Monastic Museum of Agapia Monastery
How many gold and silver jewels of inestimable value were stolen by the Ottoman besiegers and other predators from our churches and monasteries throughout hundreds of years, we cannot know, since they were melted and turned into “rascal” silver and gold. Nuns and monks of those places have worked with accuracy others and more beautiful, hardworking and skillful with their hands, and today we can admire them in the monastery museums.
Treasure from the Agapia Monastery highlights artistic activities cultivated here over the centuries, such as: embroidery, plasty metal, the art of the canonicals manufacture and the art of weaving carpets. In a room of the Museum, dedicated to these activities are exposed, for example, canonicals, robes, embroidered pieces and handmade carpets by nuns, which completes the museum’s collection. Among the pieces exhibited in the their hall at the Agapia Monastery Museum are, in the first instance, icons. There are icons painted in tempera on wood, some silver framed, icons painted on glass, ouches for the Gospels, candles, candlesticks, crosses for table, and other jewels church, all belonging to the eighteenth and nineteenth centuries.

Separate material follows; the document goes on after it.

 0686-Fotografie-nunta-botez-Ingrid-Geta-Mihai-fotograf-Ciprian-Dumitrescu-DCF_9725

Agapia Monastery Museum, the first monastic museum of Moldova, excels with the 29 works with the signature of painter Nicolae Grigorescu, exposed in a room dedicated to the painter, works created between 1858 – 1860, when he painted the monastery church. In the museum exists a hall dedicated to Romanian writers of classics literature who passed by Agapia, have written about Agapia, or have lived in the monastery.
Agapia Monastery boasts that it is the only one that has an interactive museum, The Museum Vivant arranged in 2013 in a monastic house about 350 years old and renovated as a museum vivant and also guest house where the nuns can be seen as live their life as working in the Potteries, weaving, painting, bakery workshops.

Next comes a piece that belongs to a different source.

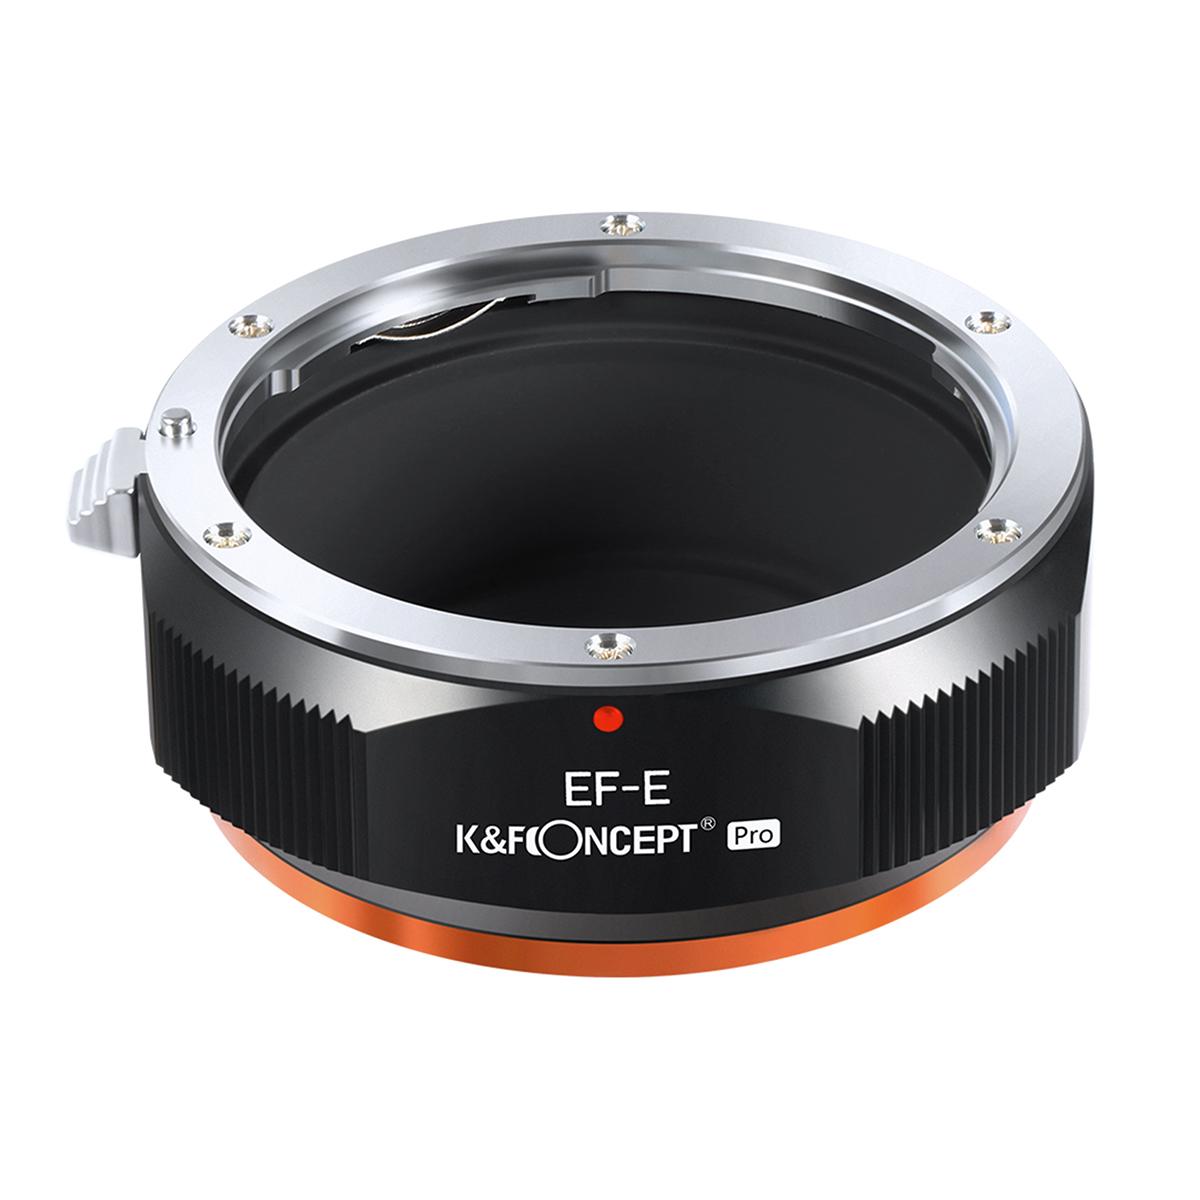 K&F Concept KF-EFE.P (キヤノンEFマウントレンズ → ソニーEマウント変換)

The exhibition spaces where are all these wonderful masterpieces are so arranged that enables the visitor to contemplate at leisure, to linger in front of each exhibit in order to understand the atmosphere of the time in which they were created, and not least, to participate with nuns within the Museum Vivant to a lesson of authentic Orthodox Christian spirituality specific to Romanian people.